Anyone who has nurtured a garden into healthy growth knows the therapeutic serenity and sense of accomplishment the endeavor produces. Less well known is the horticultural therapy profession, which aids disabled people by nourishing their green thumbs.
On Wednesday (Aug. 30) at 3:30, Juliet Niehaus, Horticultural Therapy director at Tucson Botanical Gardens, will discuss how gardening and nature-related activities are used to facilitate health and well-being for people with special needs.
Niehaus’s presentation will give an overview of the history of the profession, current arenas in which horticultural therapy is practiced, and the program at Tucson Botanical Gardens.
She will discuss medical and social outcomes of working with plants for people with disabilities, and will also provide tips for the rest of us who want to garden our way to a healthier life.
Horticultural therapy traces its roots in the United States to what is now Friends Hospital in Philadelphia where, in the 1880s, the first greenhouse for use in treatment of the mentally ill was built. In the early 1900s, the Menninger Clinic in Topeka, Kansas, implemented the use of gardening in treating those with mental illness.
Since World War II, horticultural therapy has been developed as a treatment for those with a variety of disabilities, including mental illness, cardiac disease, cancer, AIDS, developmental disabilities, Alzheimer’s Disease, visual impairments, and brain injury.
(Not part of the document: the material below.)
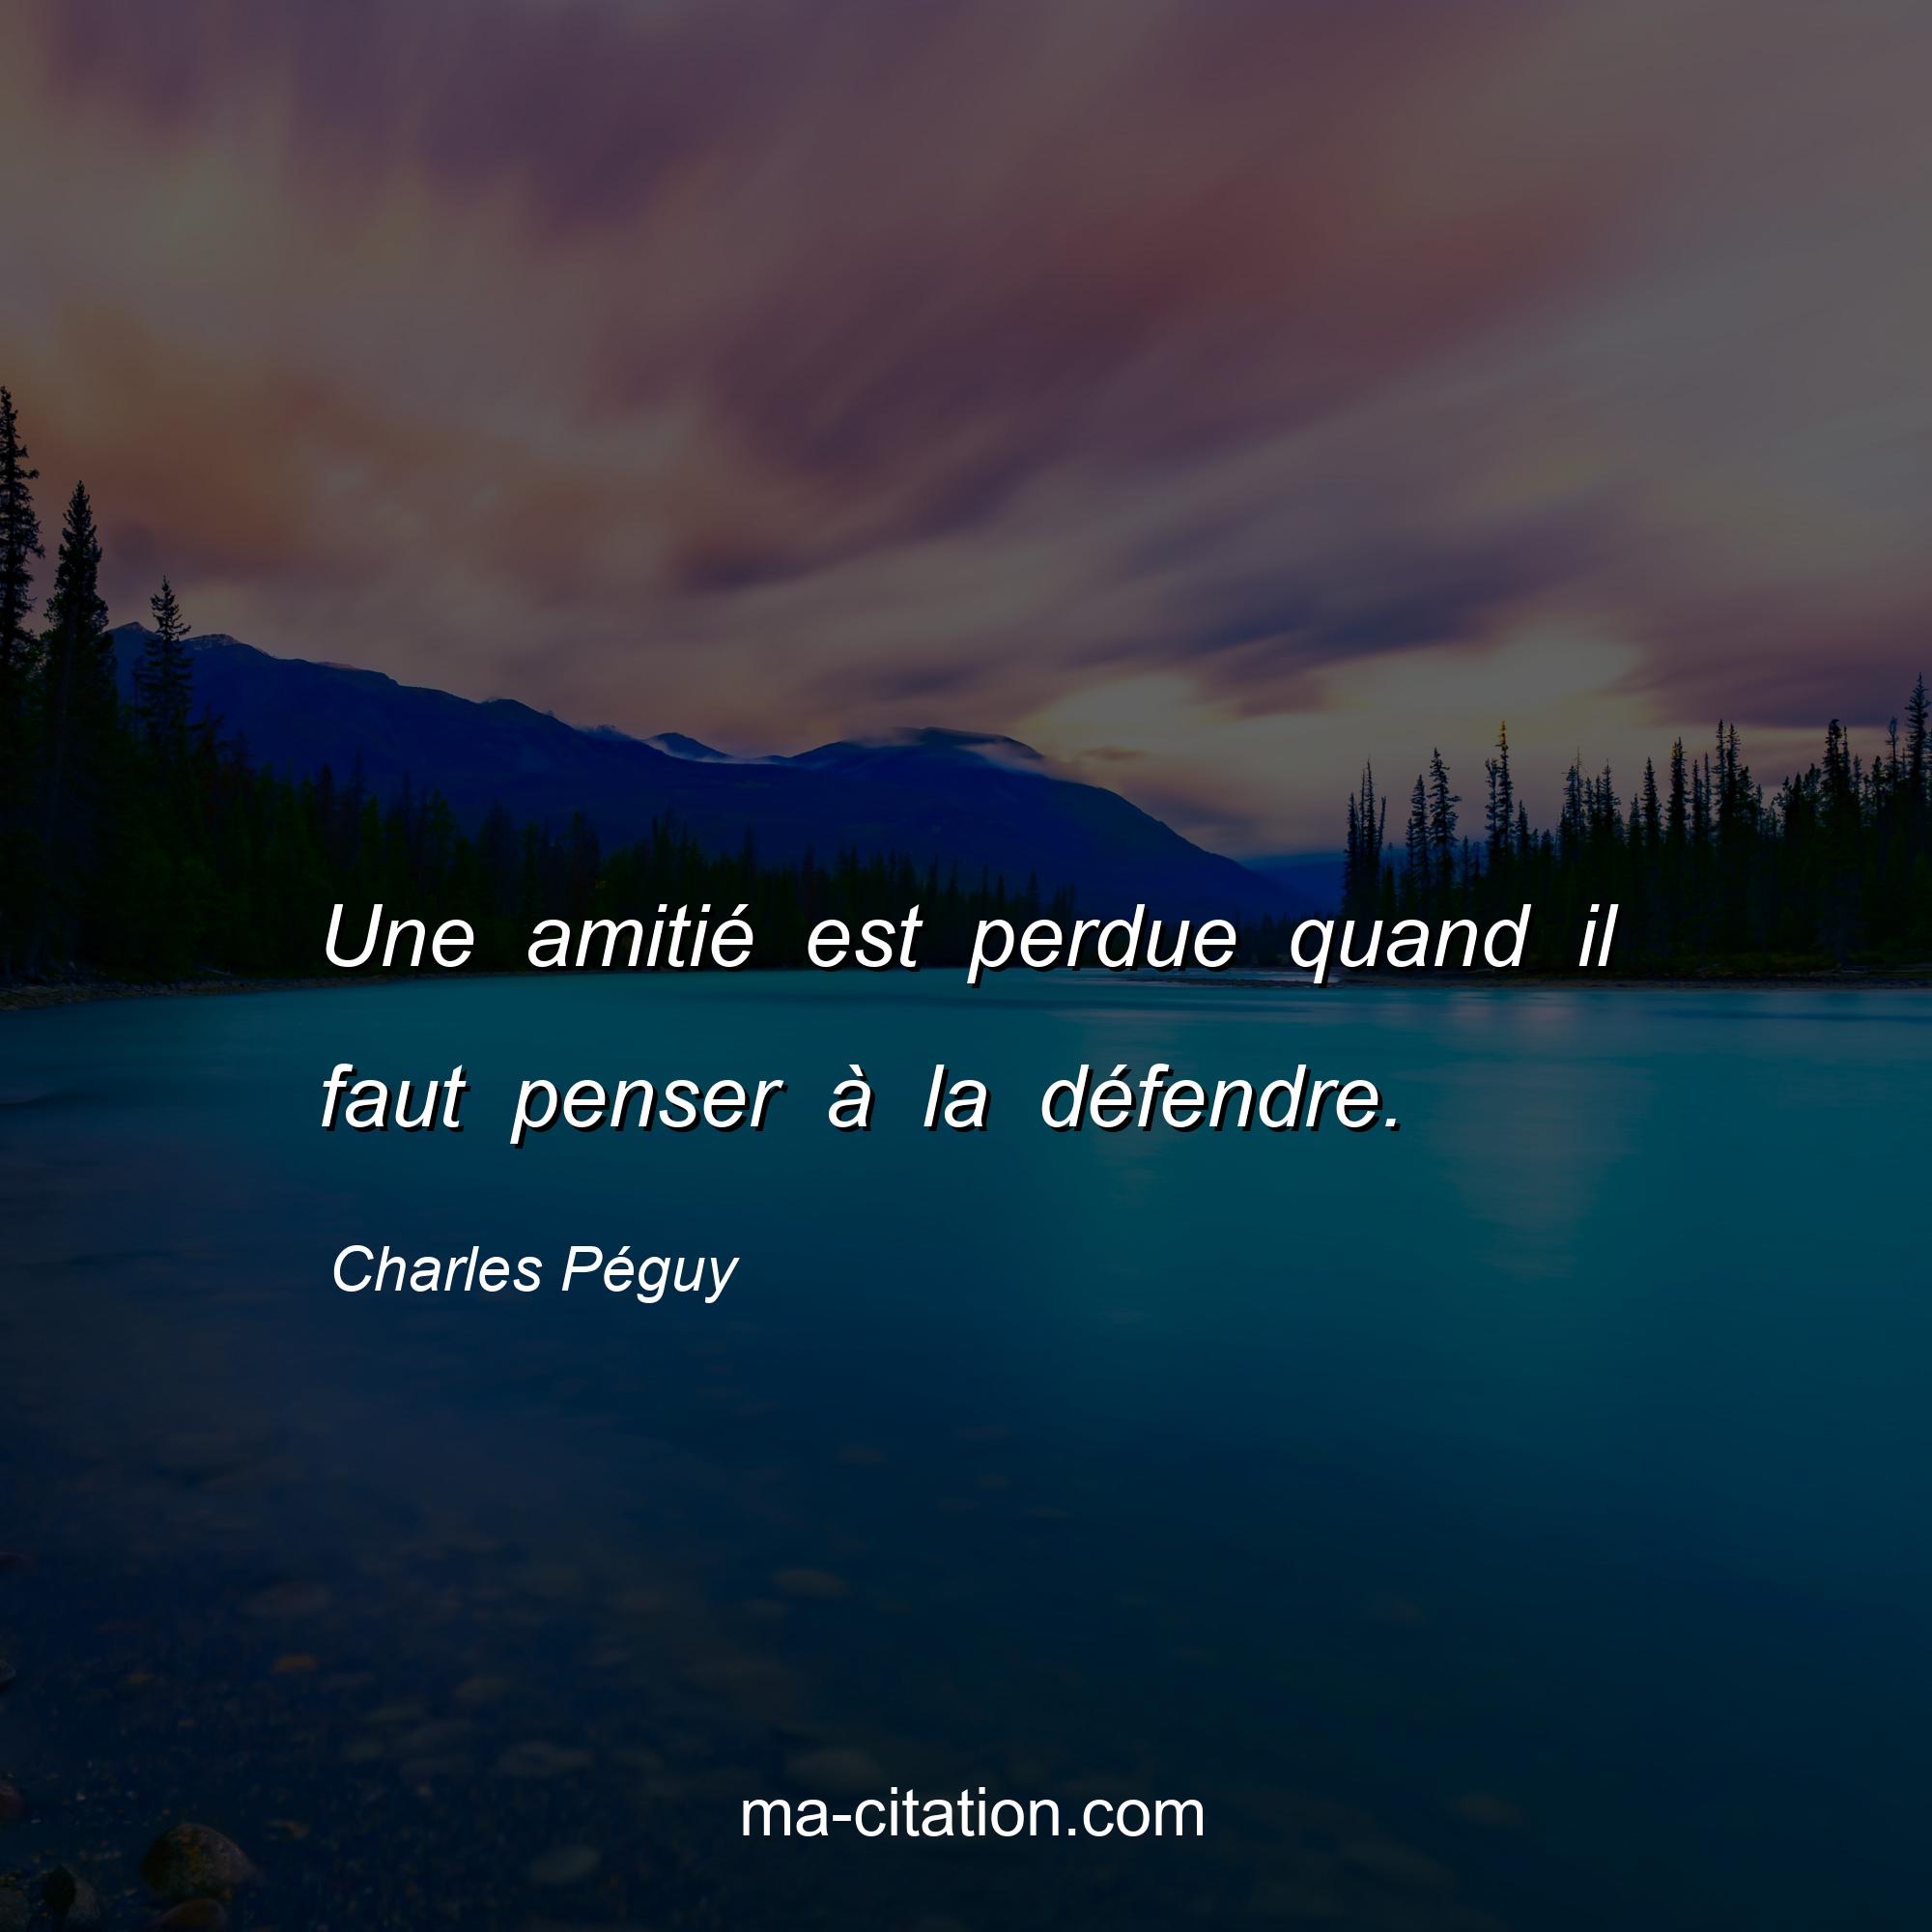 Charles Péguy : Une amitié est perdue quand il faut penser à la défendre.

It is used in such diverse settings as hospitals, long-term care facilities, schools, prisons, group residences and day programs.
The Botanical Gardens’ Horticultural Therapy program, initiated by a docent in 1983, is one of the oldest public garden-based programs in the country and the only program of its kind in Arizona. Since 1998, the program has helped over 1000 individuals in more than 40 different school, human service agencies, and long-term care facilities in southern Arizona.